» **The data**
● ● ●

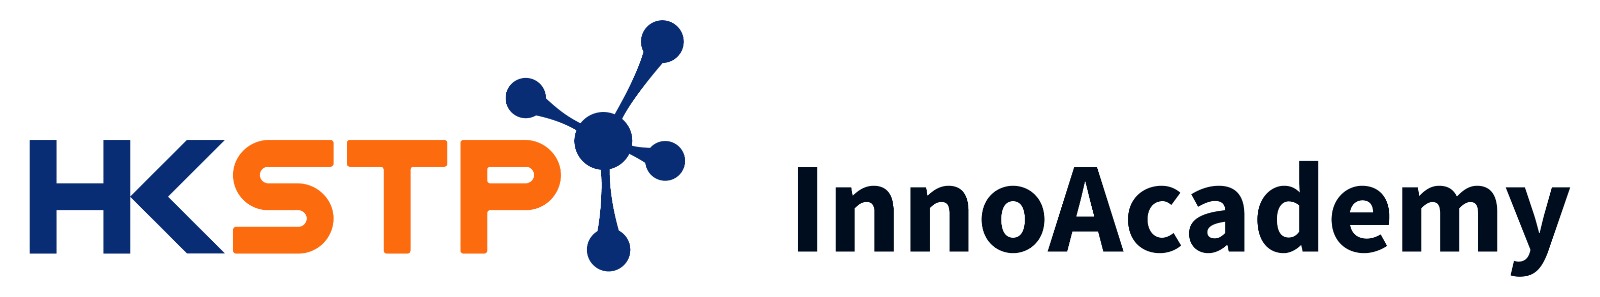 HKSTP InnoAcademy logo
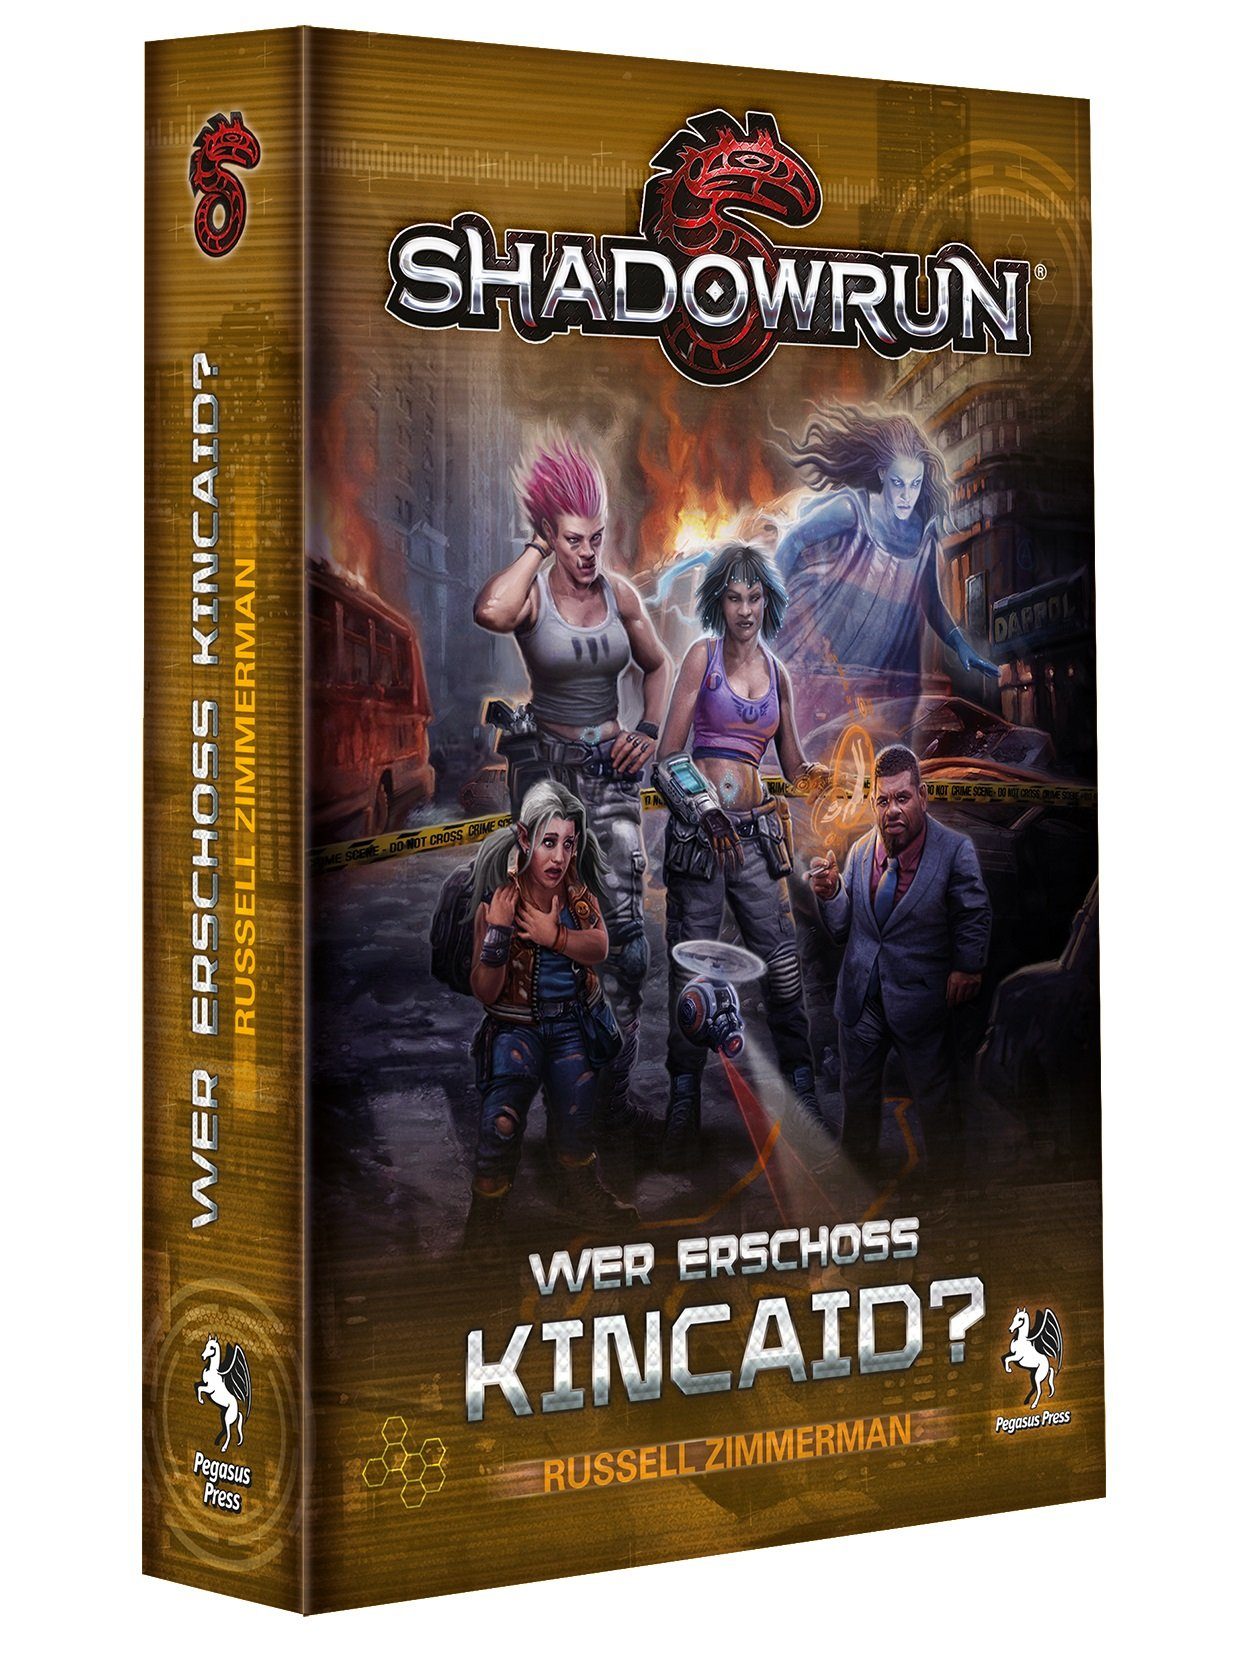 Pegasus Spiele Verbandbuch Shadowrun: Wer erschoss Kincaid? (Roman)
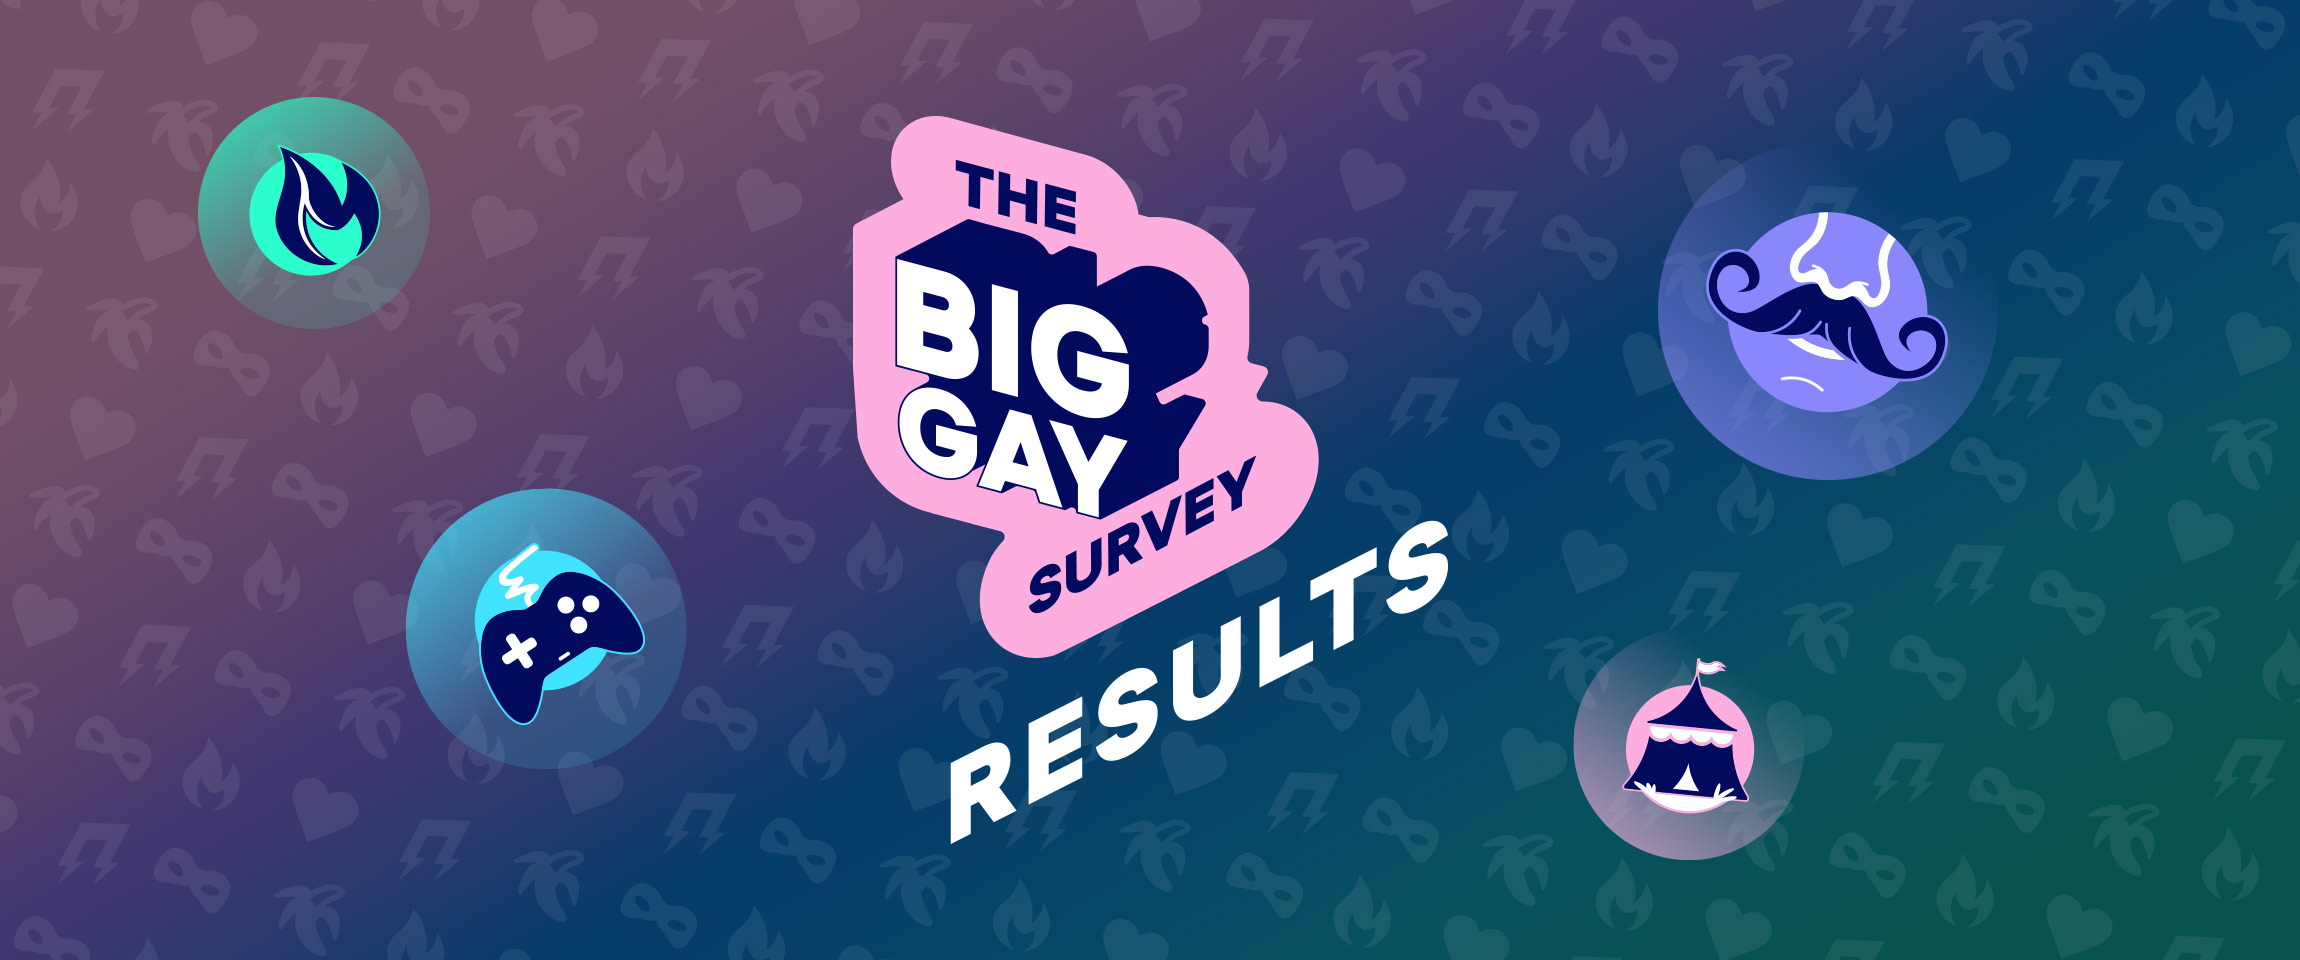 The Big Gay Survey Results
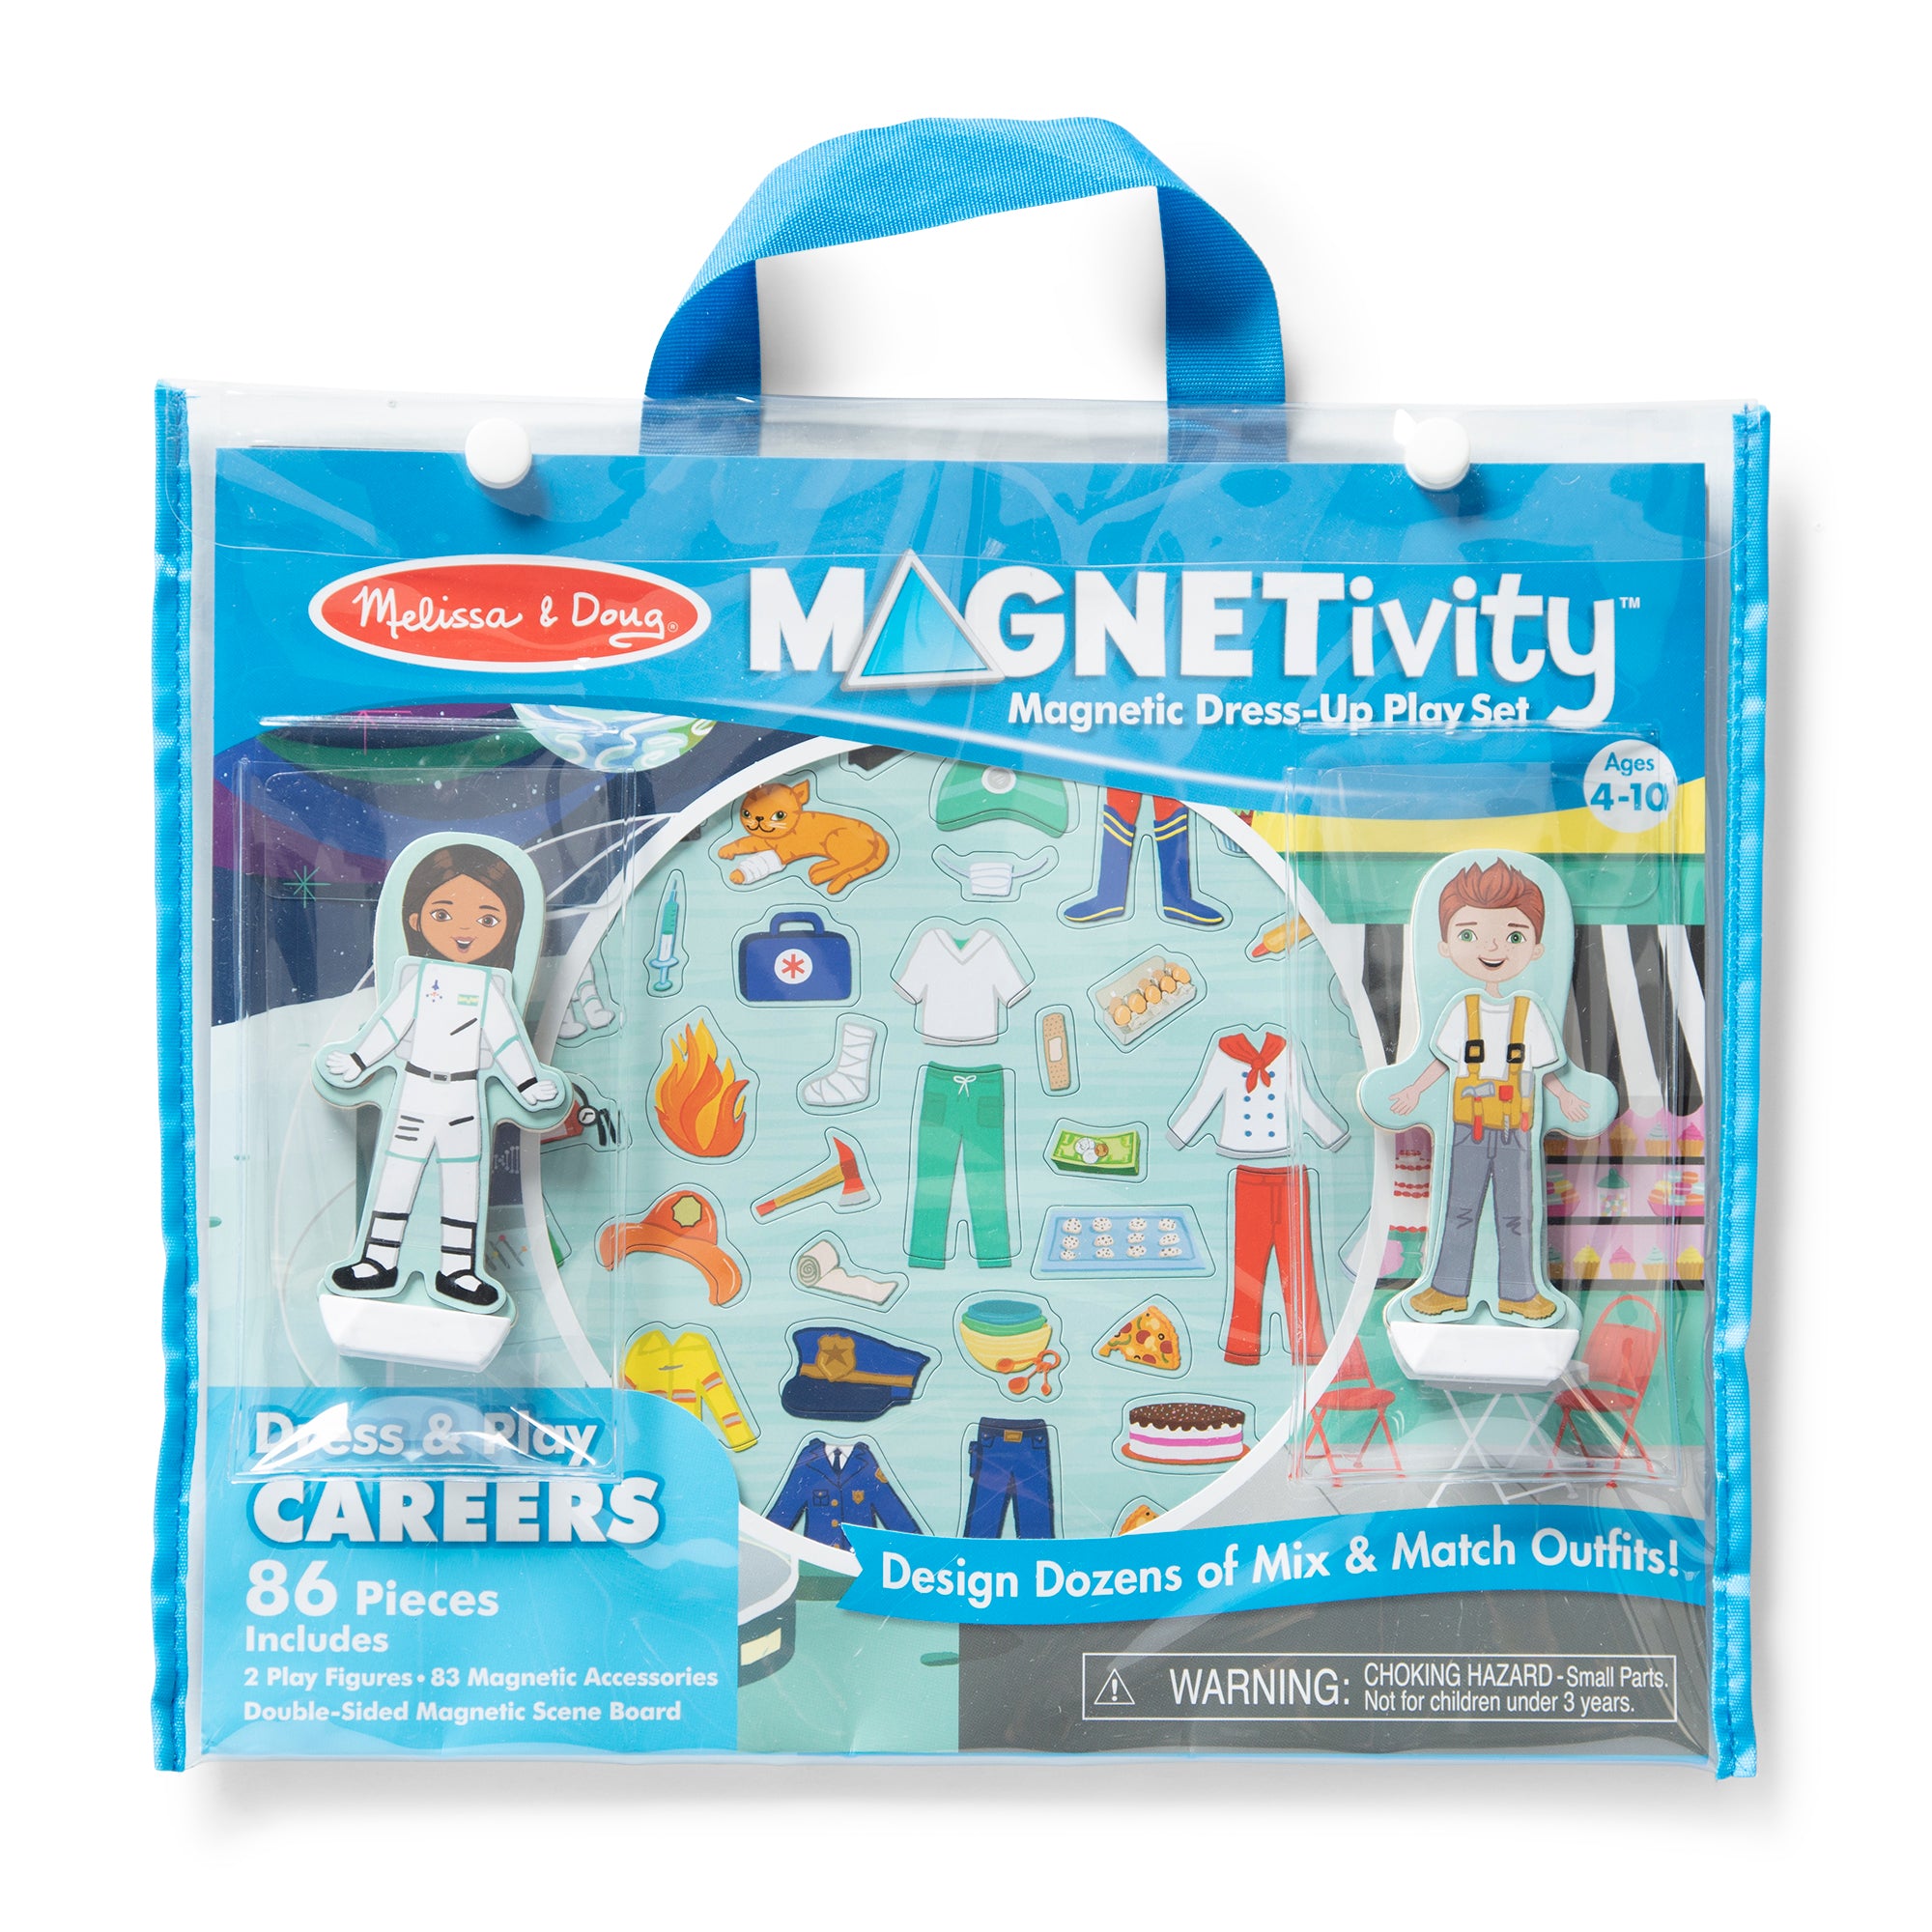 Magnetivity Dress & Play Careers

● ● ●

» **Directions**
Would you restate the listing word for word and leave every picture out?

» **Output for this exercise**
 HKSTP InnoAcademy logo
 Pegasus Spiele Verbandbuch Shadowrun: Wer erschoss Kincaid? (Roman)
 The Big Gay Survey Results
 Magnetivity Dress & Play Careers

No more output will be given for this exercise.